11 is a flowchart of a breast cancer detection method according to an embodiment of the present invention. Referring to FIG. 11, in the breast cancer detection method using a microwave signal according to an embodiment of the present invention, a microwave signal dividing step (S600) of dividing a microwave signal measured along a breast according to a plurality of frequency components and a plurality of frequency components It may include the step (S800) of determining breast cancer based on the microwave signal divided for each. According to an embodiment of the present invention, the microwave signal dividing step (S500) may divide the measured microwave signal into a plurality of frequency components by performing wavelet transformation on the measured microwave signal.

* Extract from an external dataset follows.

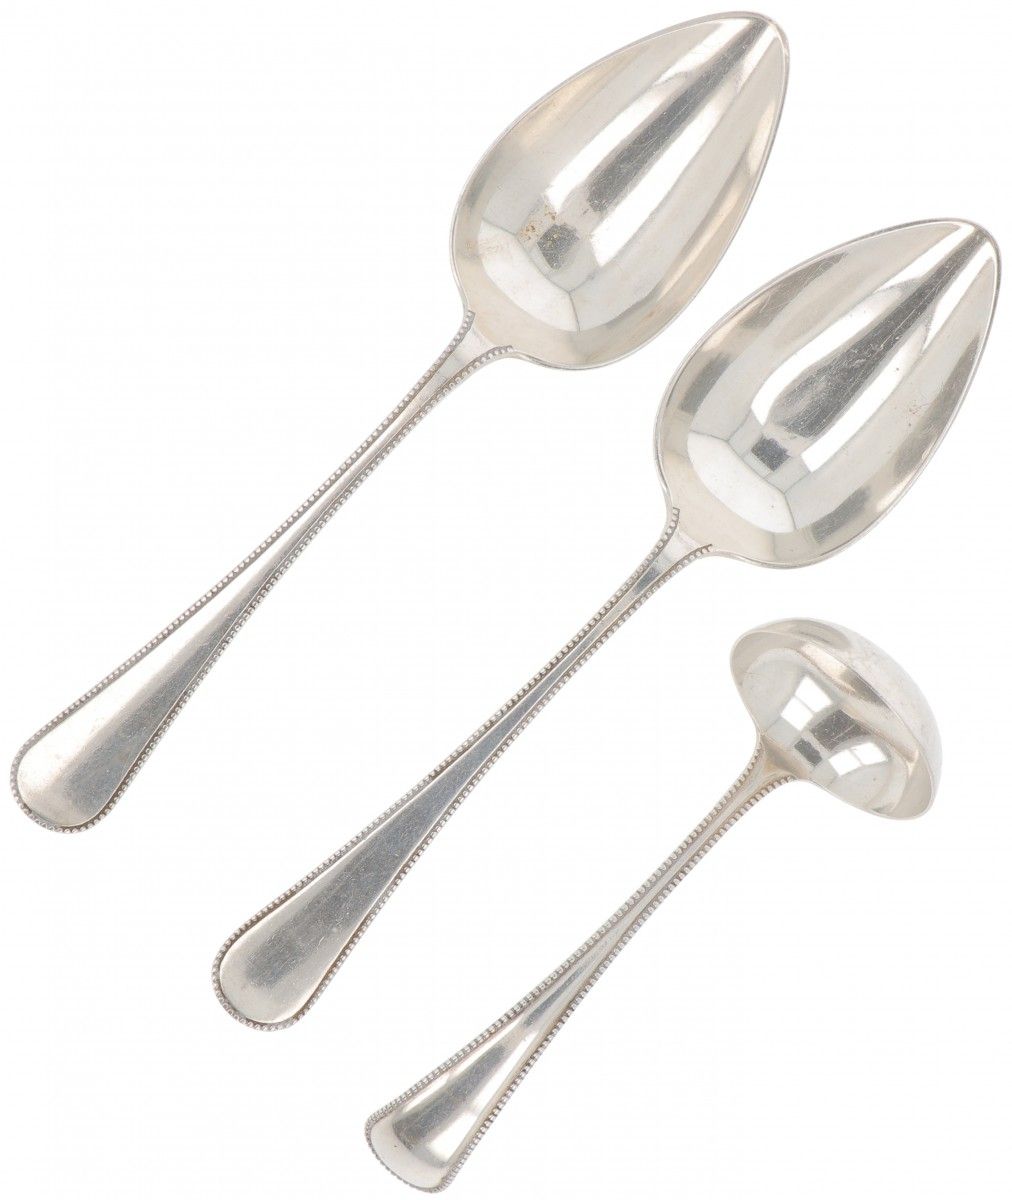 (3) piece lot silver ladles. Composto da 2 cucchiai da verdura e un cucchiaio da&hellip;

The breast cancer detection method according to an embodiment of the present invention may further include a weight allocation step (S700) of assigning at least one weight to the divided microwave signal after the microwave signal dividing step 600.

Referring to FIG. 11, the step of determining breast cancer (S800) according to an embodiment of the present invention includes a microwave signal (based on a measured micro signal) divided by a plurality of frequency components (a _3, d ₃ , d ₂ It can be determined that breast cancer is present in a portion representing a value equal to or greater than the threshold value of ,d ₁ ). For example, the threshold value may be a value that can be determined to be a tumor based on microwave signals measured in advance for each frequency in a breast without a tumor (normal breast). Alternatively, the threshold value may be a value that can be determined to be a tumor based on values obtained by giving a predetermined weight to microwave signals measured in advance for each frequency in a breast without a tumor (normal breast).

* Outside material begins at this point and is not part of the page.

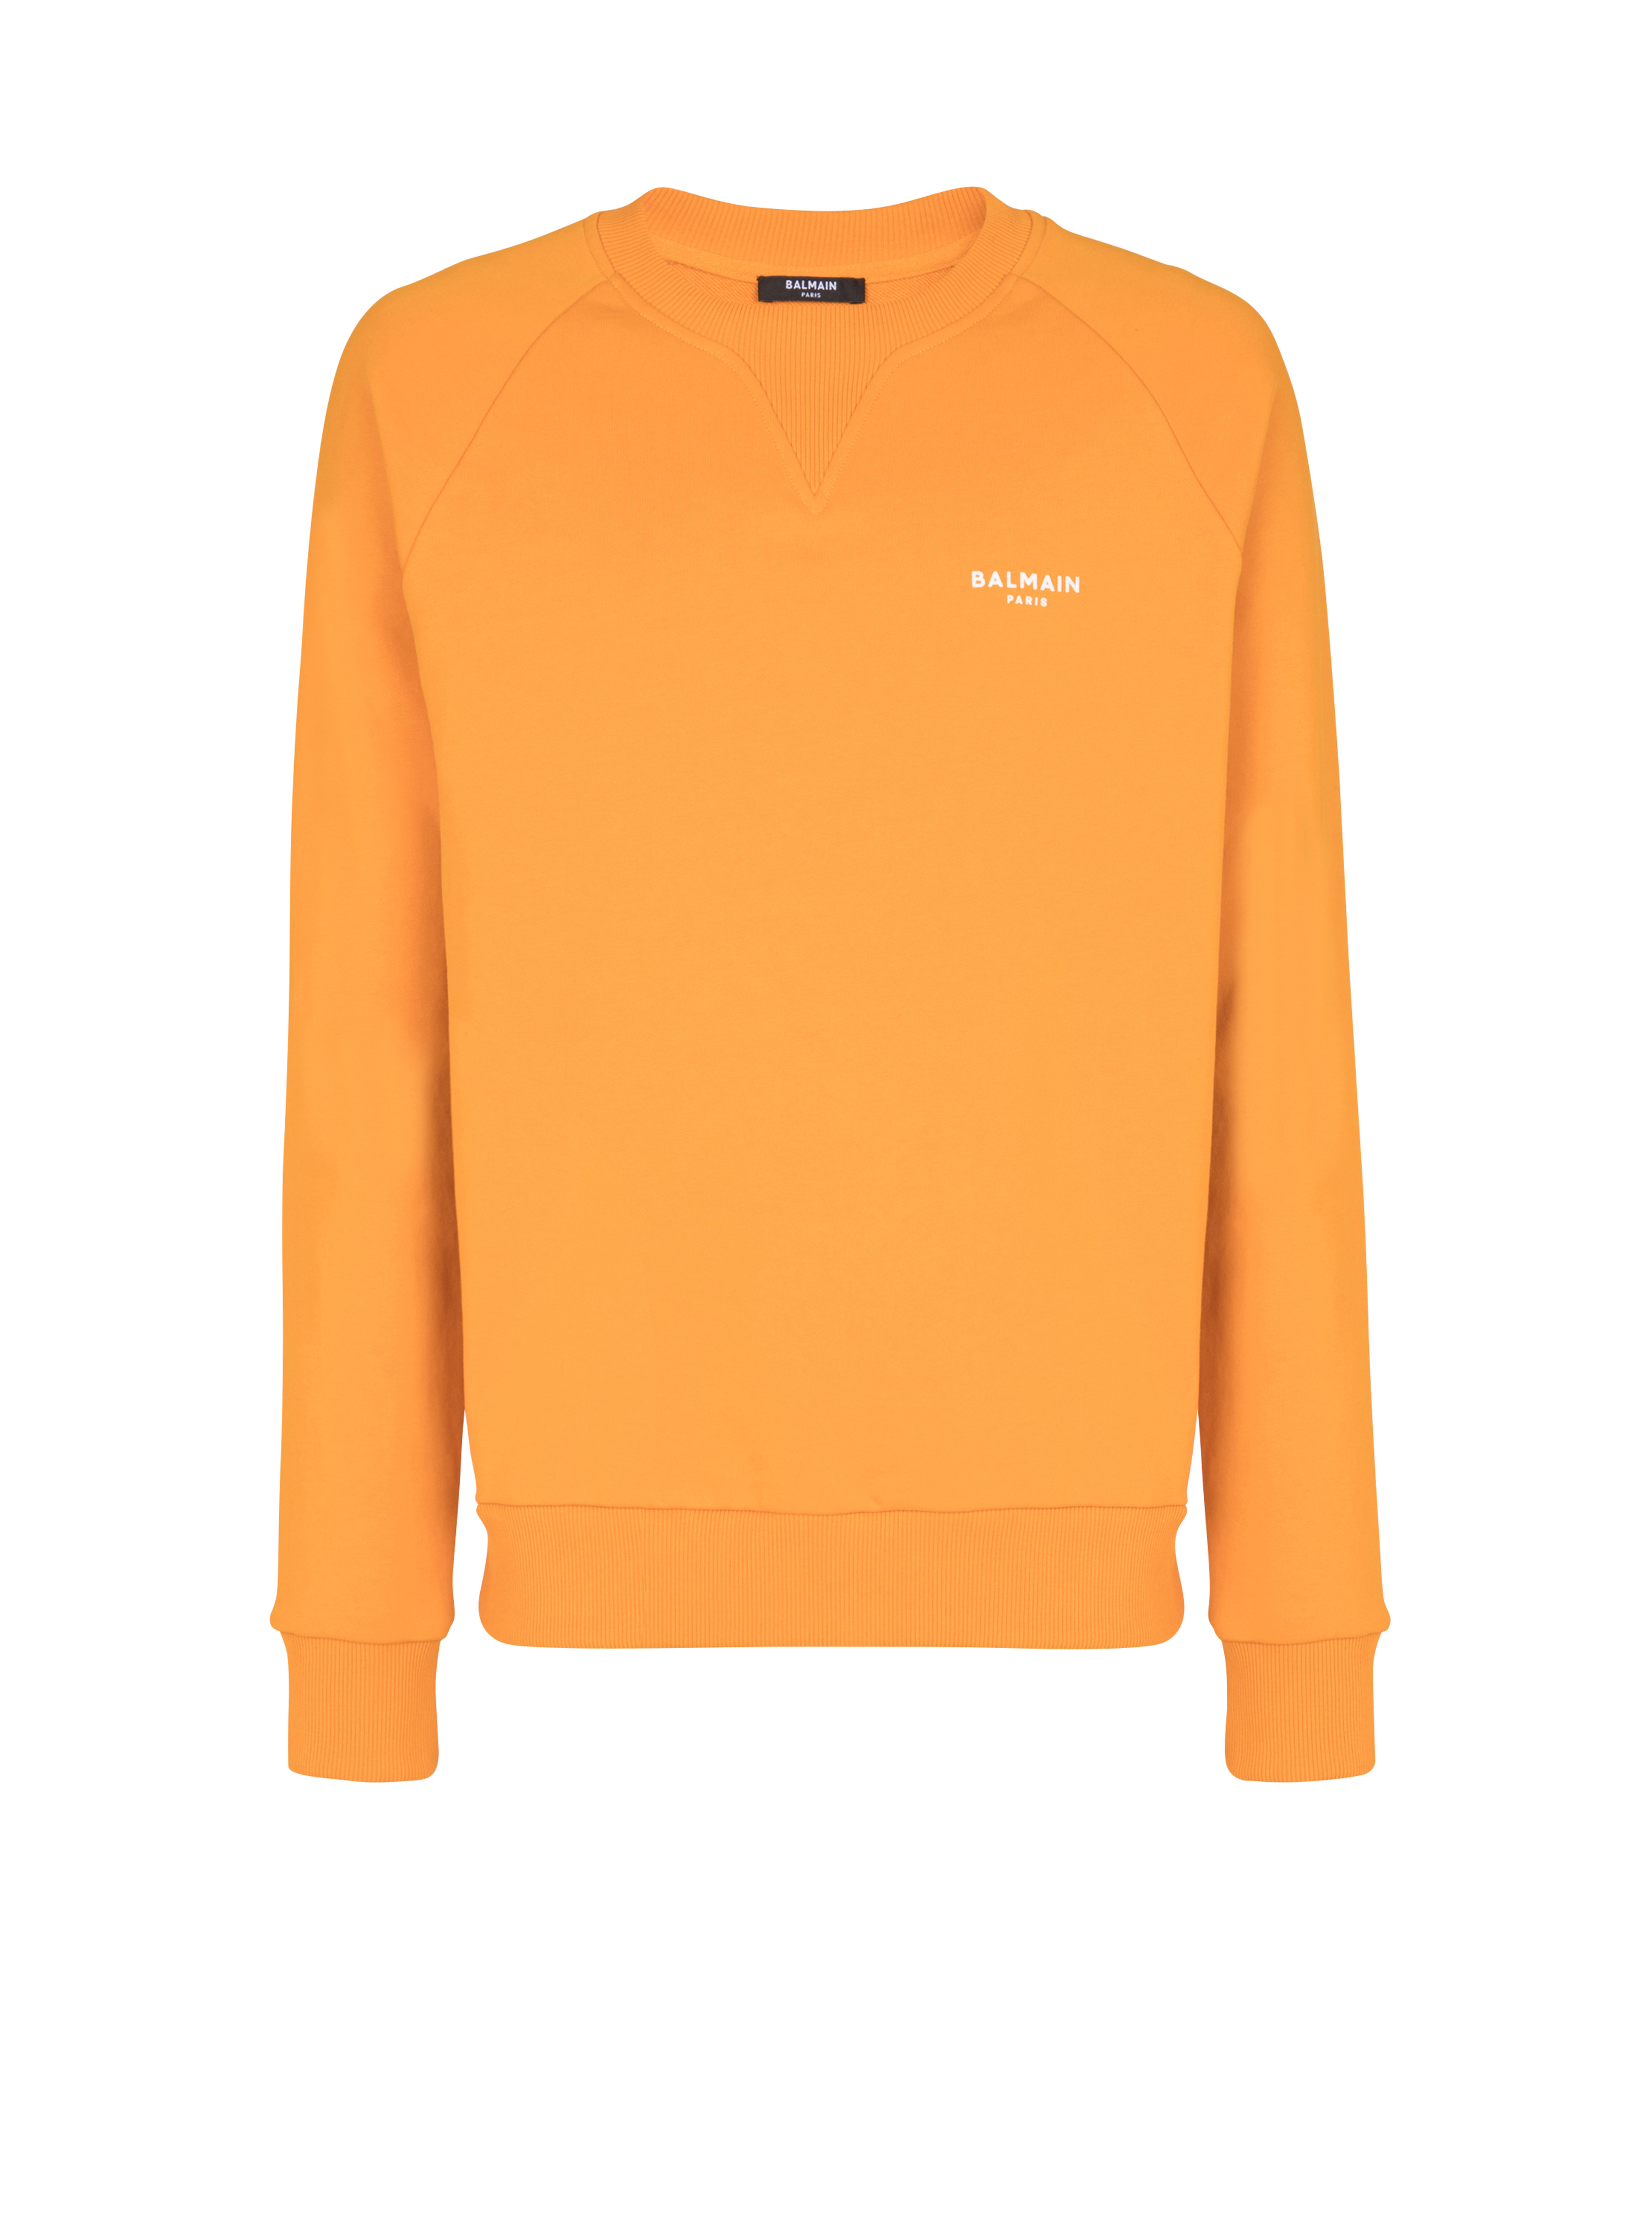 Balmain巴尔曼标志印花环保设计棉质运动衫, orange

Alternatively, the step S800 of determining the breast according to an embodiment of the present invention may further include a look-up table unit (not shown). The lookup table unit stores a threshold value that can be determined to be a tumor in the breast in advance for each frequency component based on a value obtained by dividing the microwave signal measured in the breast without tumor (normal breast) by frequency component, and automatically You can make it possible to detect. As in the above, the threshold value may be a value that can be determined as a tumor based on microwave signals measured in advance for each frequency in a breast without a tumor (normal breast).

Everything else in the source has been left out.